**Aim of the task:** Copy nothing before the line that contains "FURO by Red"; from there, transcribe each line exactly through the end of the material, omitting pictures.

**Source material:**
┄┄┄┄┄┄

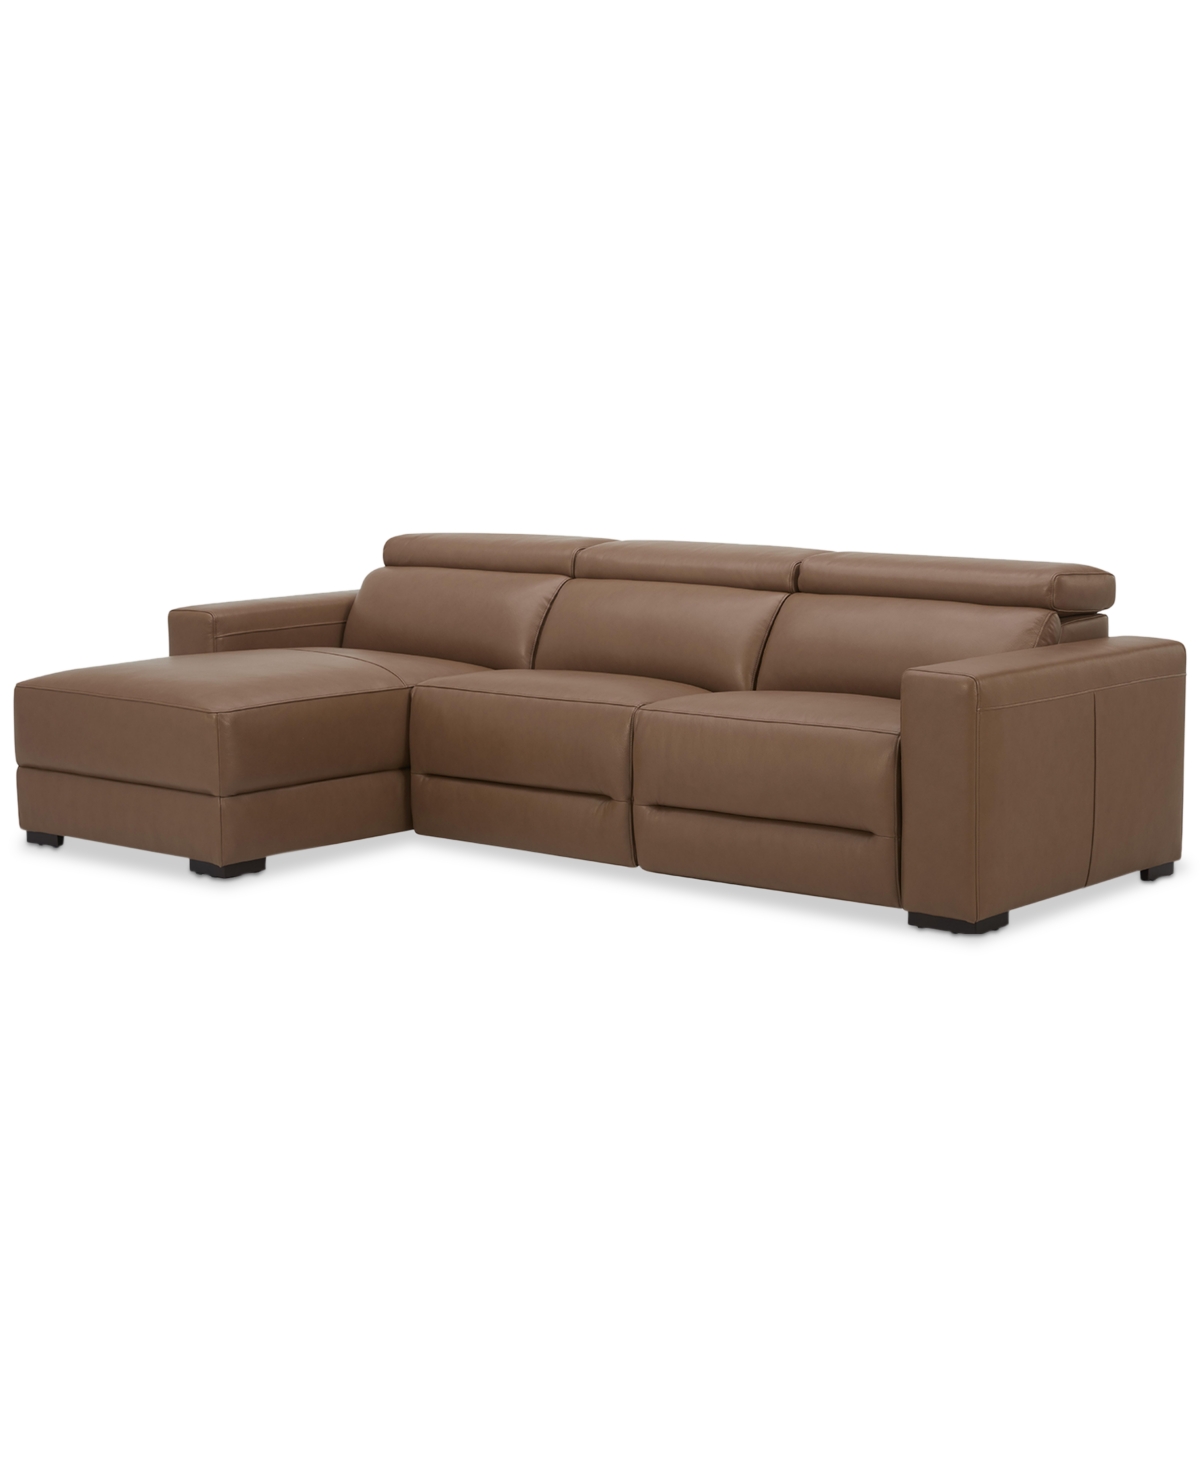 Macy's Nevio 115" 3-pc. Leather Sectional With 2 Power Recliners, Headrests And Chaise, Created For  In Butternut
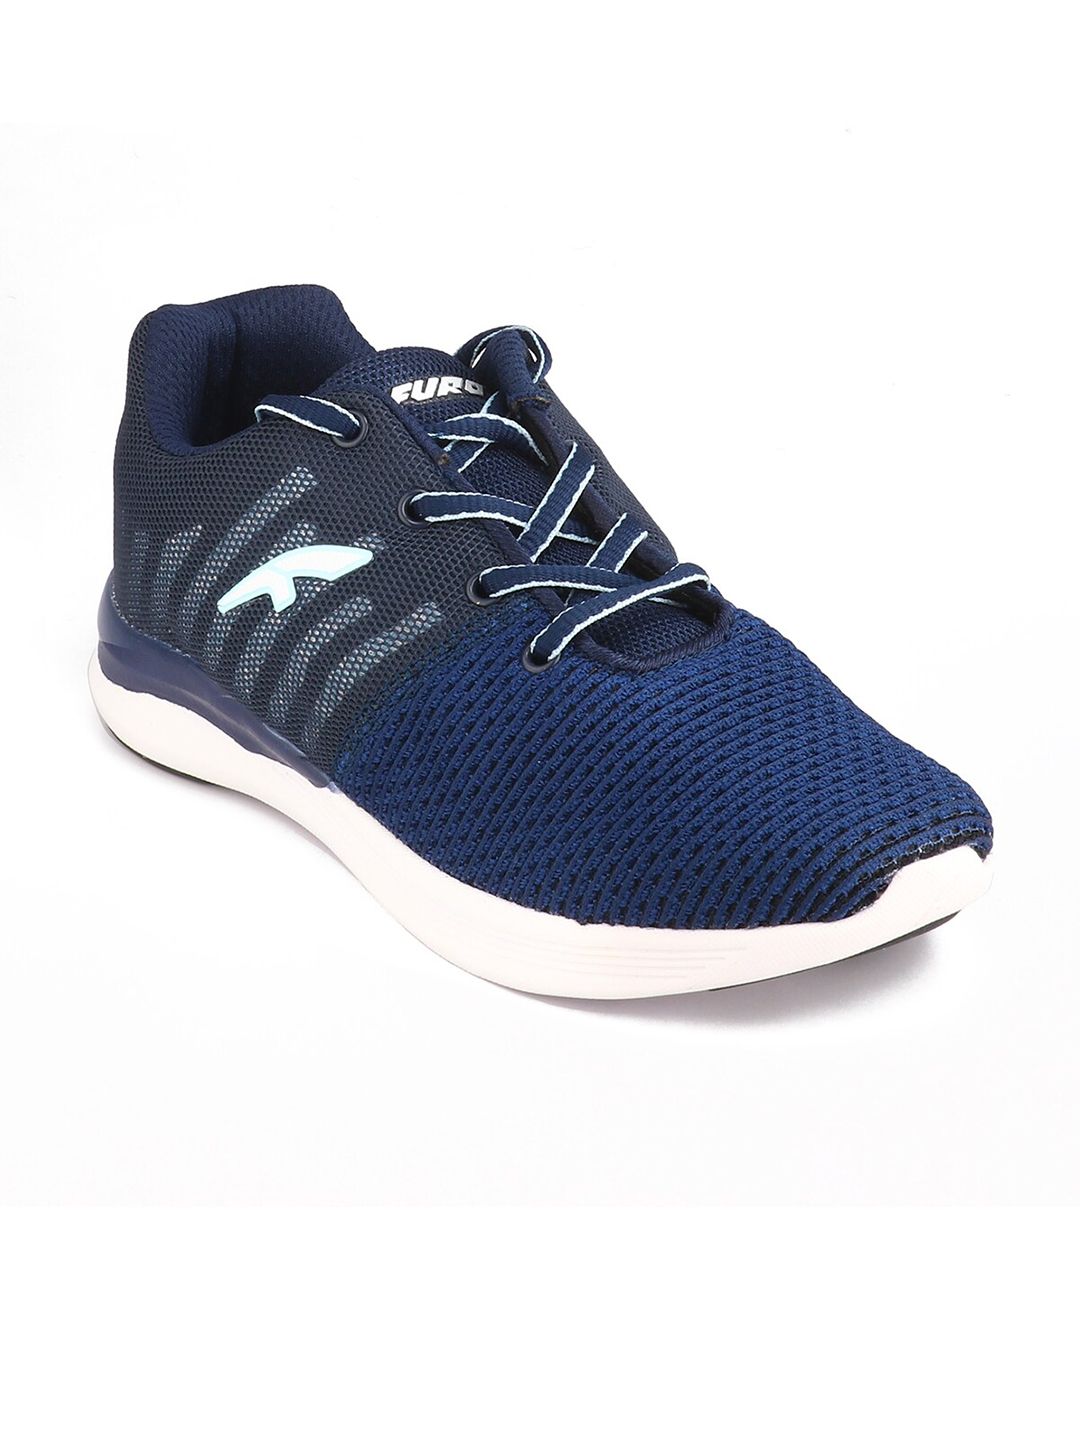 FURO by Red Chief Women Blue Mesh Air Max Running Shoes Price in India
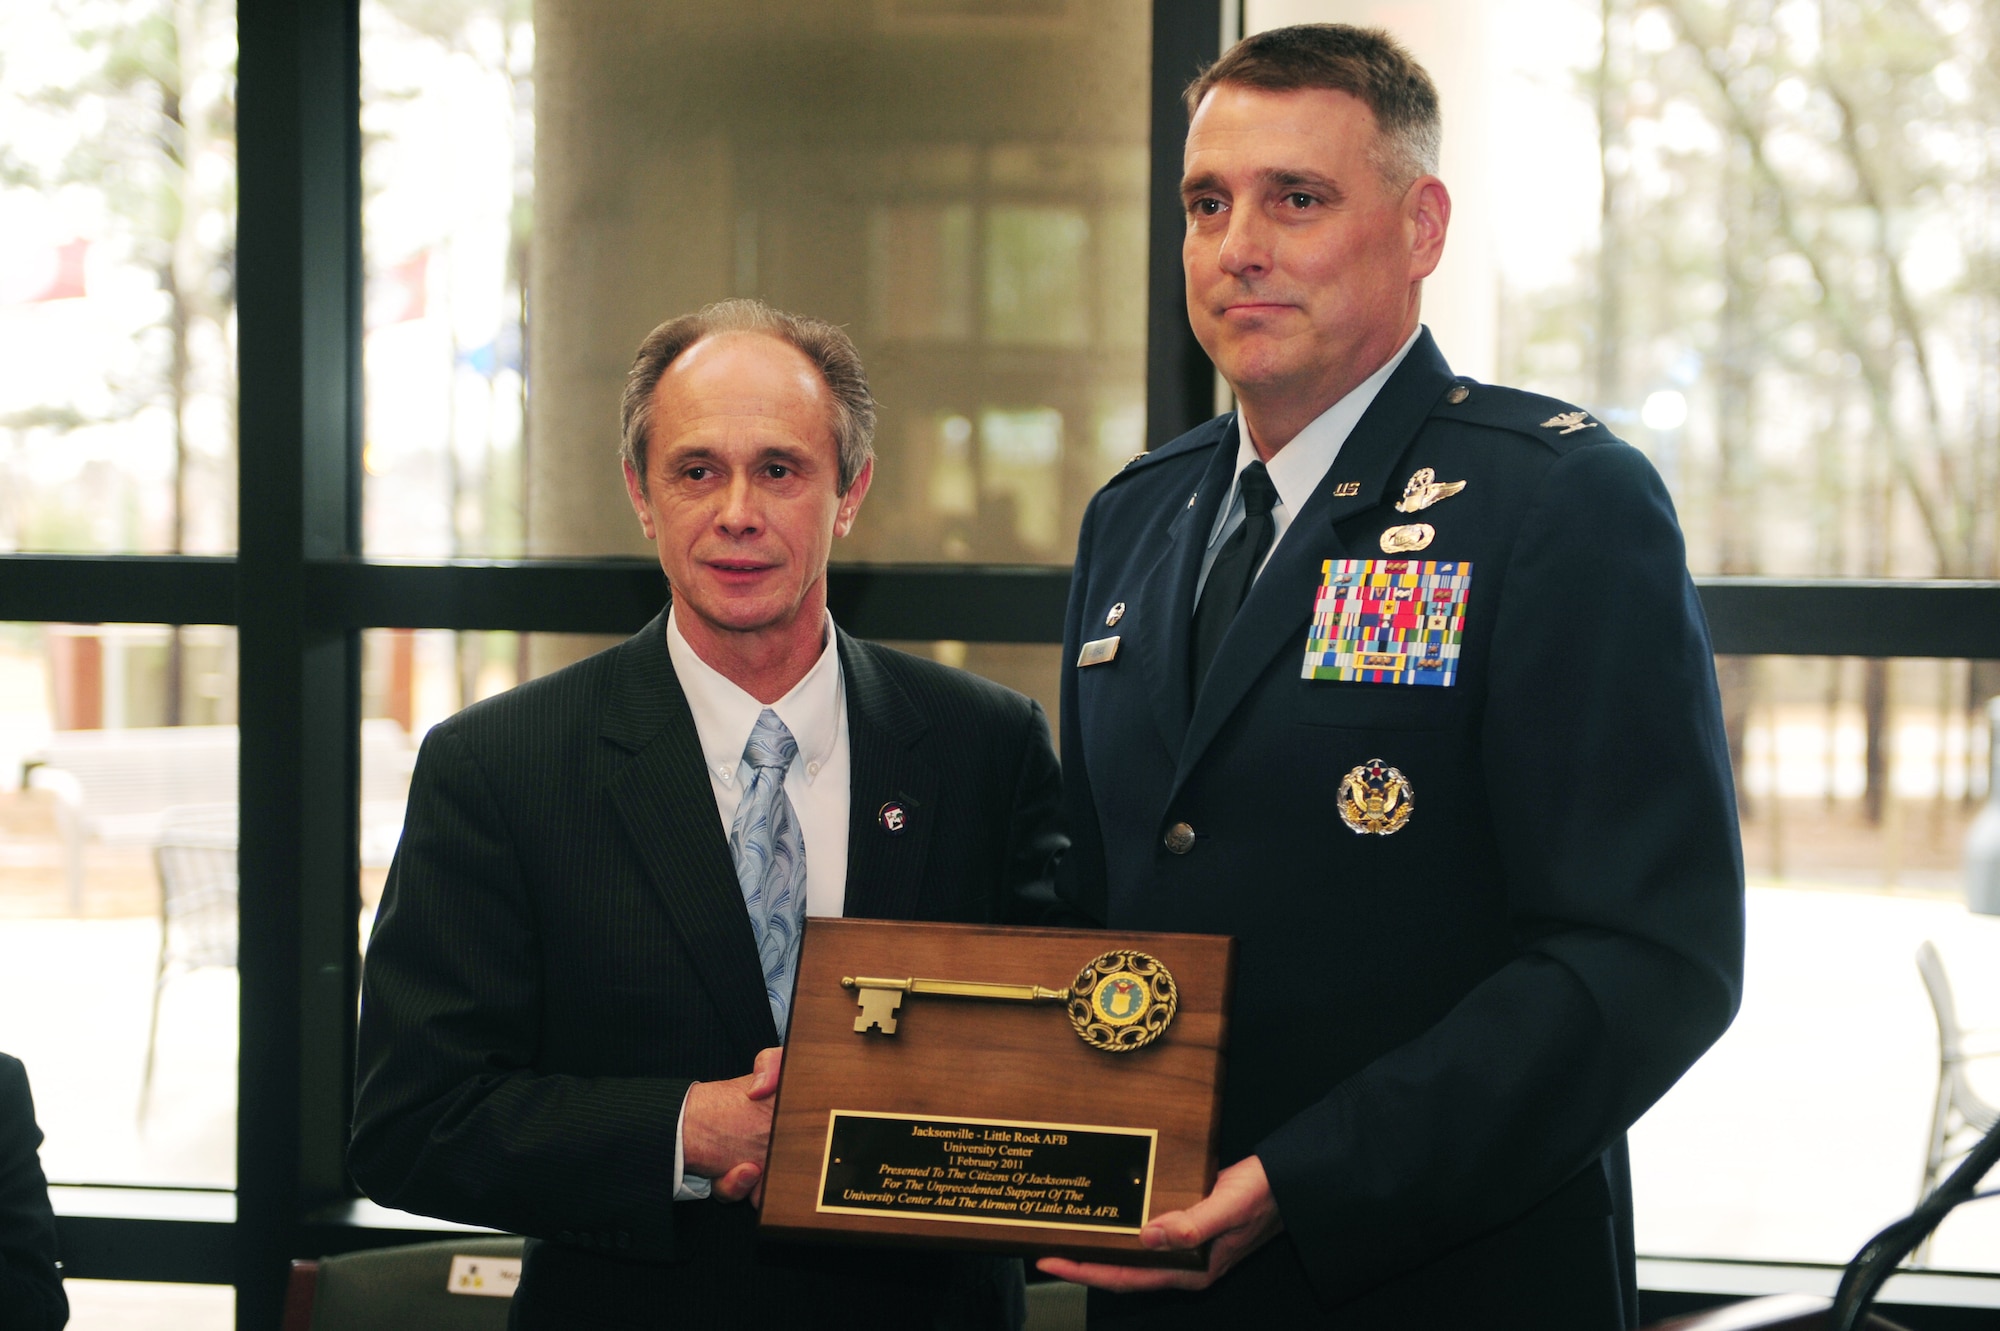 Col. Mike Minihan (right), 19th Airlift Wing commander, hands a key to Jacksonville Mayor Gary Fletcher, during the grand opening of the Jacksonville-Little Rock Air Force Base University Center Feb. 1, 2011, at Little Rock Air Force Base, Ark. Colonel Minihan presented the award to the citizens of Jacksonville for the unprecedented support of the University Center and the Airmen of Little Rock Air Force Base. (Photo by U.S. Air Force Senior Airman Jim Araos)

┄┄┄┄┄┄

**The answer:**
 FURO by Red Chief Women Blue Mesh Air Max Running Shoes Price in India
 Col. Mike Minihan (right), 19th Airlift Wing commander, hands a key to Jacksonville Mayor Gary Fletcher, during the grand opening of the Jacksonville-Little Rock Air Force Base University Center Feb. 1, 2011, at Little Rock Air Force Base, Ark. Colonel Minihan presented the award to the citizens of Jacksonville for the unprecedented support of the University Center and the Airmen of Little Rock Air Force Base. (Photo by U.S. Air Force Senior Airman Jim Araos)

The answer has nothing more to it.